Optimize Hybrid Cloud Data Access Based on ACK Fluid (5): Automated Across-regional Center Data Distribution

Part 5 of this 5-part series describes how to use the scheduled warm-up mechanism of ACK Fluid to update data accessible to compute clusters in different regions.

By Yang Che

In the previous articles, we discussed Day 1 of combining Kubernetes and data in hybrid cloud scenarios, focusing on solving data access problems and connecting cloud computing with offline storage. Building upon this, ACK Fluid further addresses the cost and performance issues related to data access. Moving on to Day 2, when users actually implement this solution in a production environment, the main challenge lies in how the operations and maintenance team handles data synchronization for multi-region clusters.

Overview

Many enterprises establish multiple computing clusters in different regions for various reasons such as performance, security, stability, and resource isolation. These clusters require remote access to a centralized data storage center. For example, with the growing popularity of large language models, supporting multi-region inference services based on these models has become a necessity for many businesses. However, this specific scenario presents several challenges:

• Manual synchronization of data across data centers on multiple computing clusters, which is time-consuming.

• Complexity in managing large language models due to the large number of parameters and files. Different businesses choose different basic models and business data, resulting in different final models.

• Continuous and frequent updates of model data based on business inputs.

• Slow startup and file retrieval time for model inference services. Large language models have extensive parameter sizes, often in the hundreds of GBs, which leads to significant time consumption for pulling parameters into GPU memory and extremely long startup times.

• Synchronous updating of models across all regions, which negatively impacts the performance of an overloaded storage cluster.

In addition to the acceleration capabilities of common storage clients, ACK Fluid provides scheduled and triggered data migration and preheating capabilities to simplify data distribution.

• Reduce network and computing costs: Cross-region traffic costs are significantly reduced, computing time is shortened, and the cost of computing clusters is slightly increased. Furthermore, costs can be further reduced through elasticity.

• Accelerate application data updates: By performing data access within the same data center or zone, latency is reduced, and cache throughput concurrency can be linearly scaled.

• Streamline complex data synchronization operations: Customizable policies can control data synchronization operations, reducing contention for data access and automating O&M complexity.

Demo

This presentation describes how to use the scheduled warm-up mechanism of ACK Fluid to update data accessible to compute clusters in different regions.

Prerequisites

• Create an ACK Pro cluster with a version of 1.18 or later. For more information, see Create an ACK Pro cluster [1].

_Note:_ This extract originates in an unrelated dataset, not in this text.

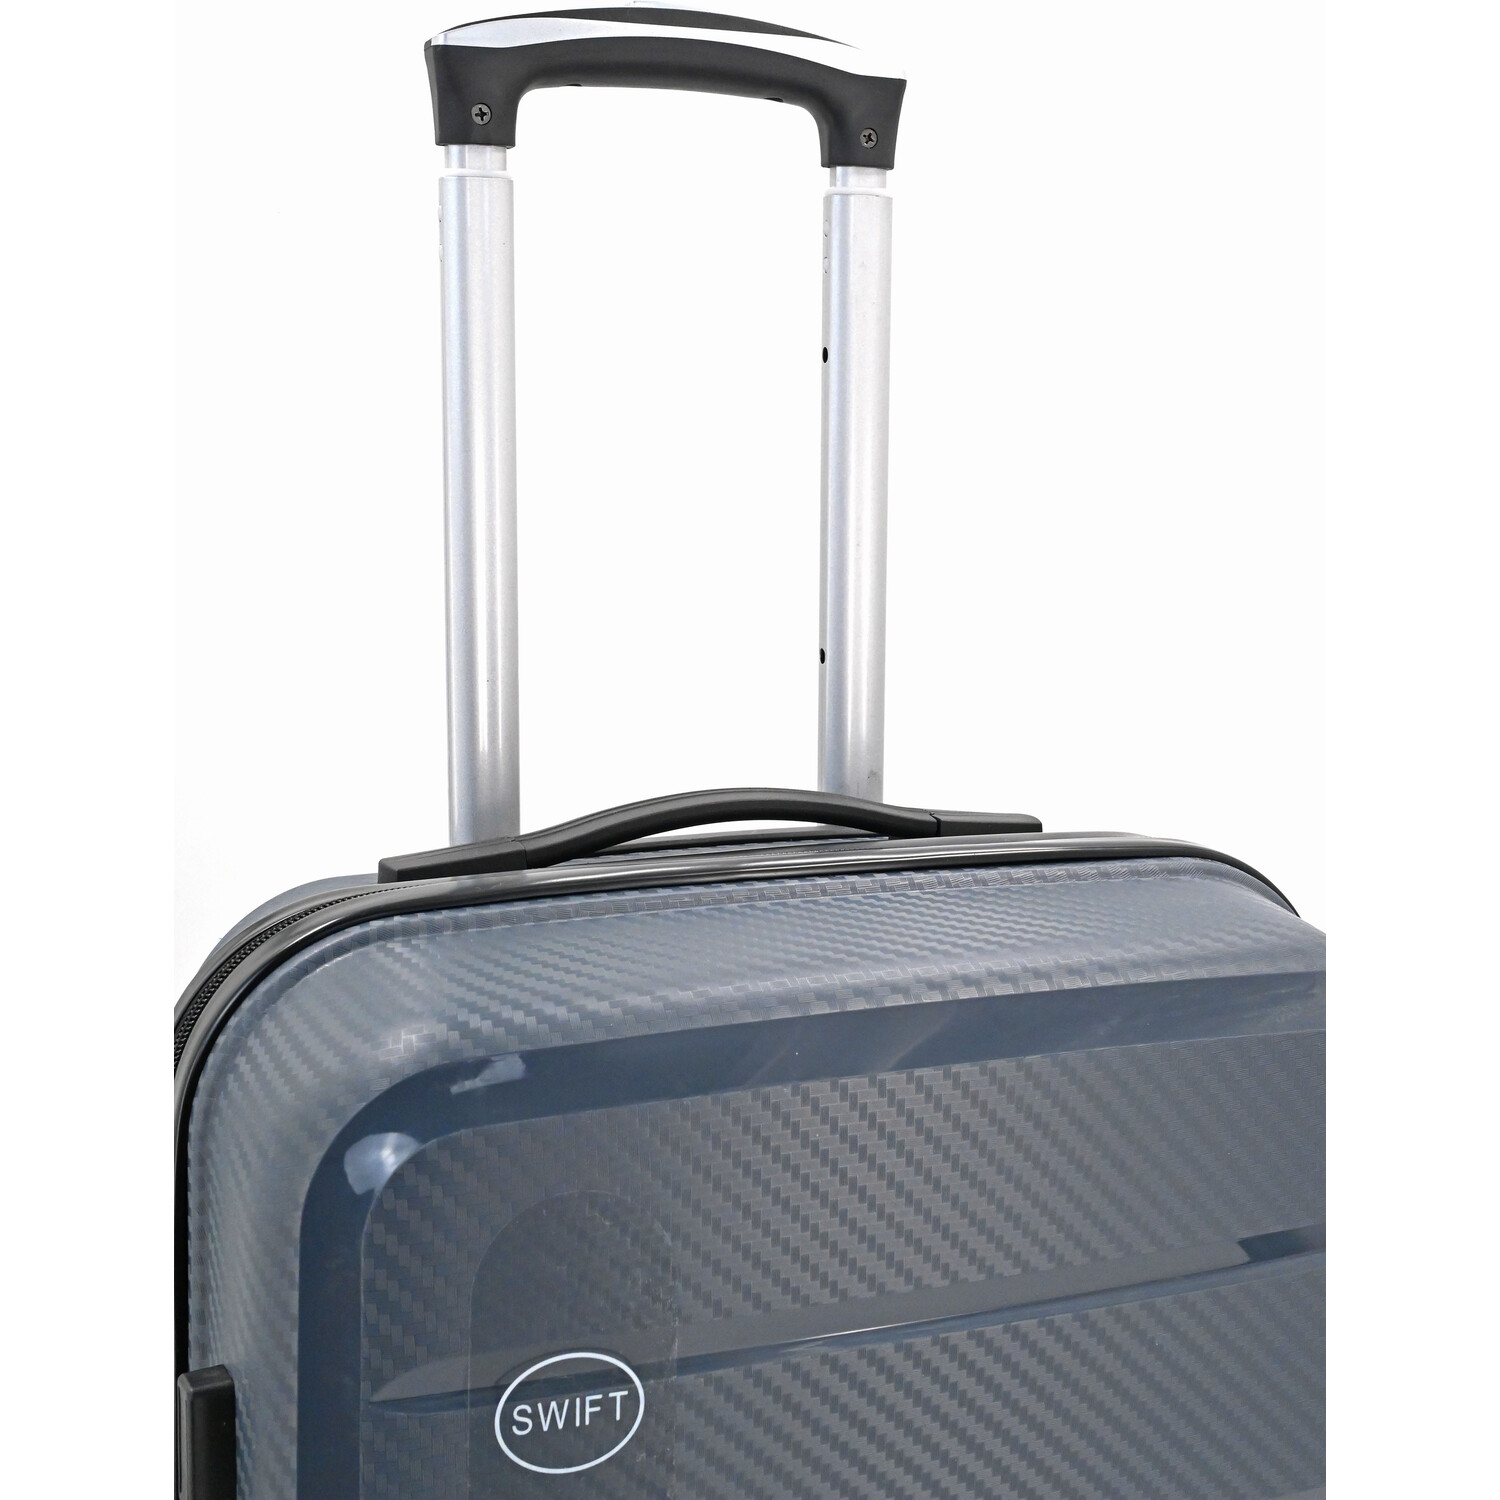 Swift Discovery Luggage Case - Grey / Large Case Image 4

• Cloud-native AI suite is installed, and ack-fluid components are deployed. Important: If you have open source Fluid installed, uninstall it and then deploy ack-fluid components.

• If the cloud-native AI suite is not installed, enable Fluid Data Acceleration during installation. For more information, see Deploy the cloud-native AI suite [2].

• If the cloud-native AI suite is installed, deploy the ack-fluid on the Cloud-native AI Suite page [3] in the Container Service console.

• A Kubernetes cluster is connected by using kubectl. For more information, see Use kubectl to connect to a cluster [4].

Background Information

Prepare the Kubernetes and OSS environments. It only takes about 10 minutes to deploy the JindoRuntime environment.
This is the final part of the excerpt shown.